Sunday morning came and he seemed a little perkier, but when we went to the vets she said she would have to take some bloods and phone us later, I still thought he would be fine. Later she phoned and said he was anemic and there was a problem with his liver and if he got worse to phone them and get him admitted, still I thought he'd going to be ok. He was purring and cuddling as usual he was just off his food. On Monday we got up and he ran across the room to greet me for his usual cuddles and I really thought he'd turned a corner. We took him to his appointment and they took more bloods and said his red blood cells were dropping rapidly and he could be bleeding internally so they were going to admit him overnight and put him on a drip. I came home thinking that would make him better, but 2 hours later they phoned and said he was to I'll to save and we should go and say goodbye. As I'm writing this tears are pouring down my face. We spent 1/2 hour with him cuddling and talking to him and all of the time he was purring until it was time to say goodbye, he went to sleep peacefully with his head in my husband's hands. I feel consumed with grief the pain is unbearable my heart is really broken. We called him our little one although he was a big ginger boy. He had a brother Paddy and I'm trying to give him all the love I can, he misses him and keeps looking and calling for him. The pain I'm feeling is so overwhelming and raw. He was our special little Maxi and will always be in our hearts.


----------



## niamh123 (Nov 4, 2018)

Run free Maxi


----------



## Lurcherlad (Jan 5, 2013)

Very sorry for your loss


----------



## Frani (May 1, 2019)

Lurcherlad said:


> Very sorry for your loss


Thank you, we are heartbroken


----------



## Veronica Chapman (Dec 28, 2018)

So so sorry for your loss Frani, Maxi is resting in peace and no longer suffering x


----------



## Frani (May 1, 2019)

Veronica Chapman said:


> So so sorry for your loss Frani, Maxi is resting in peace and no longer suffering x


Thank you, I miss him so much


----------



## Frani (May 1, 2019)

Veronica Chapman said:


> So so sorry for your loss Frani, Maxi is resting in peace and no longer suffering x


Thank you, we miss him so much.


----------



## Jayne Louise Heaven (May 26, 2019)

I know how u r feeling. My 12 year old dog put to sleep on Thursday and I to am heartbroken. Came as such a shock.


----------



## Veronica Chapman (Dec 28, 2018)

Jayne Louise Heaven said:


> I know how u r feeling. My 12 year old dog put to sleep on Thursday and I to am heartbroken. Came as such a shock.


Hi Jayne, 
Our dreadful day was 8/5/19 when Benji was put to sleep. The pain is deep as ever.

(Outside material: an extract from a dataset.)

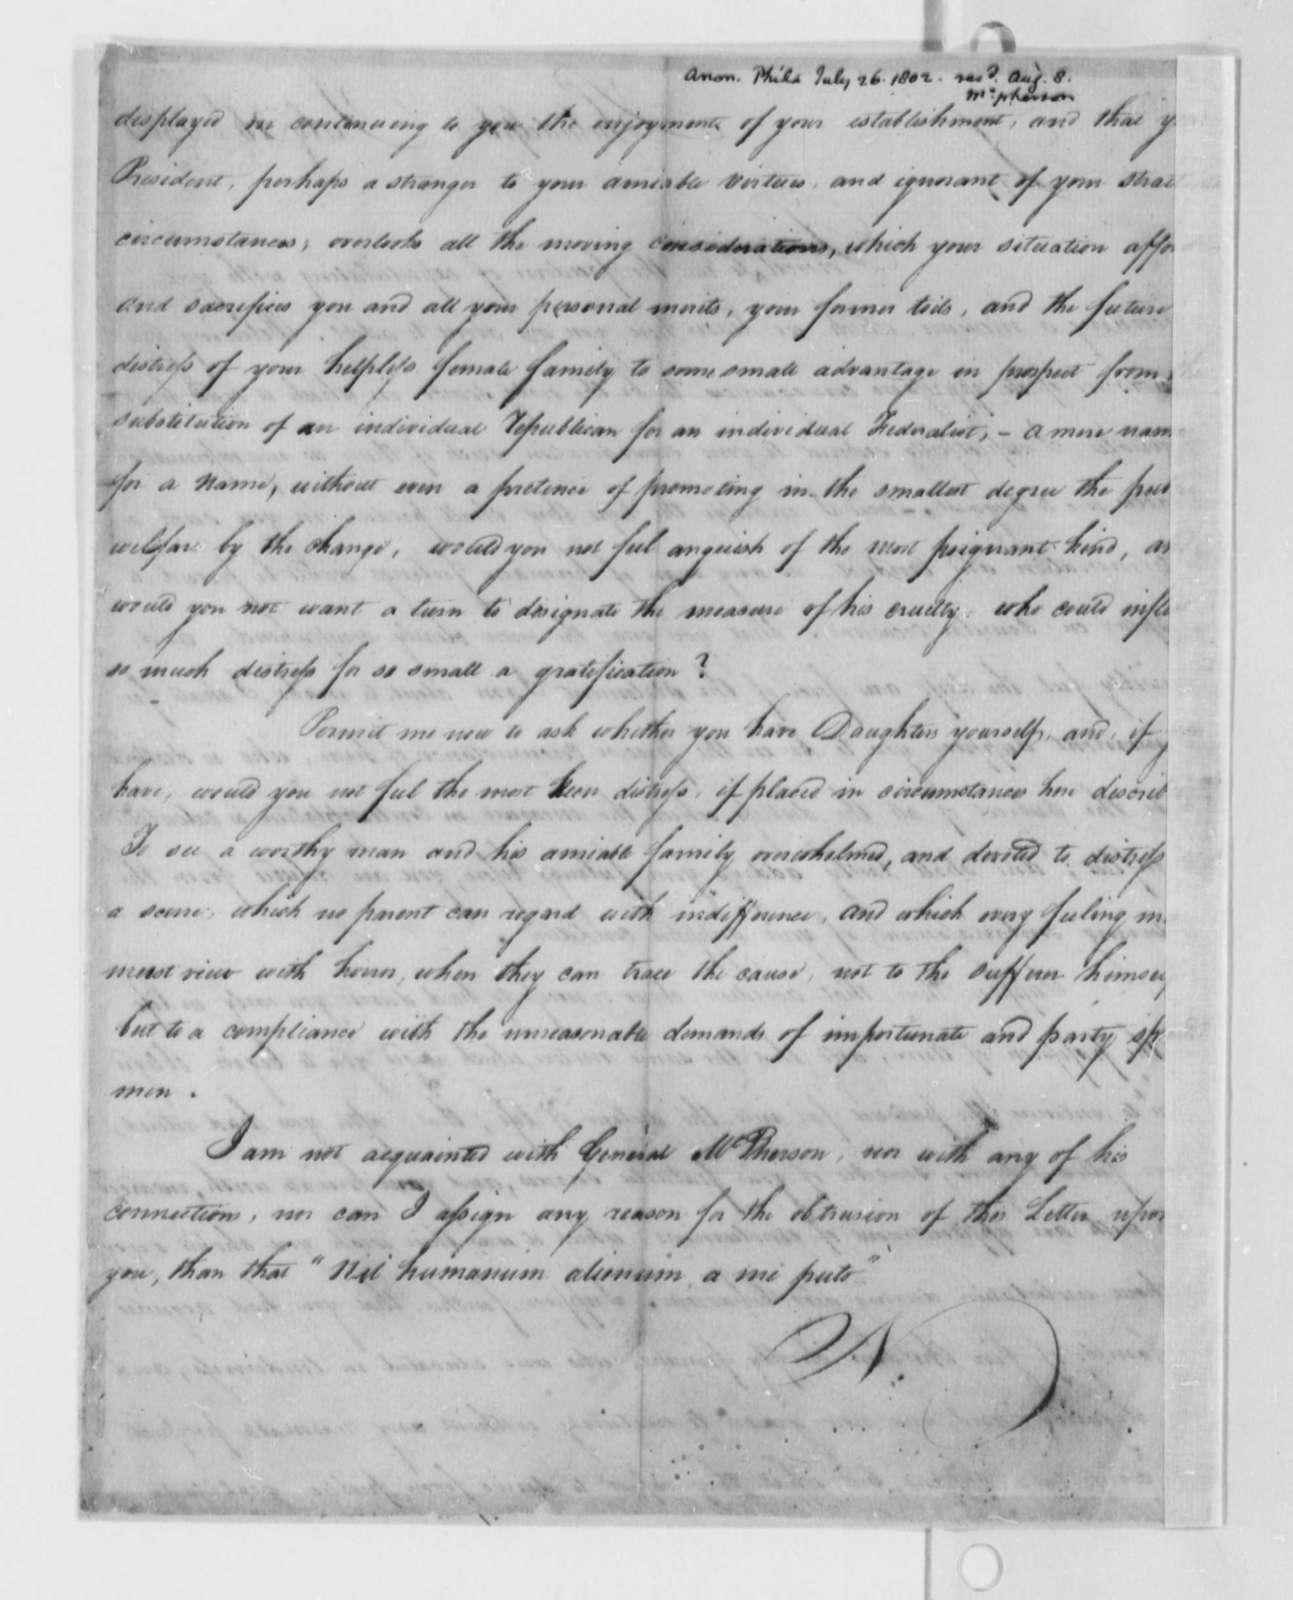 Anonymous to Thomas Jefferson, July 26, 1802

Your lovely Boxer? is beautiful but running and pain free all over the Rainbow Bridge meadows with all his friends. Keep going and keep well.
Veronica


----------



## Jackie C (Feb 16, 2016)

I'm so sorry for your loss. Take comfort in knowing Maxi passed away knowing he was loved, I do firmly believe they feel that in their own way. In his final moments he was being comforted by you, and the last thing he saw were your faces and felt your warm skin next to his. He wasn't afraid, all he knew is that he just fell asleep. It's good you had that final time together. 
The pain is real and very valid, Maxi was part of your family. 
Good night, Maxi. Run free.


----------



## Jackie C (Feb 16, 2016)

Jayne Louise Heaven said:


> I know how u r feeling. My 12 year old dog put to sleep on Thursday and I to am heartbroken. Came as such a shock.


I'm so sorry, it's like someone just ripped your heart out. x


----------



## Jayne Louise Heaven (May 26, 2019)

I no it's literally heartbreaking. How any pet can have such an impact on your life. I dont know how I will get over losing my girl.


----------



## Frani (May 1, 2019)

Jayne Louise Heaven said:


> I know how u r feeling. My 12 year old dog put to sleep on Thursday and I to am heartbroken. Came as such a shock.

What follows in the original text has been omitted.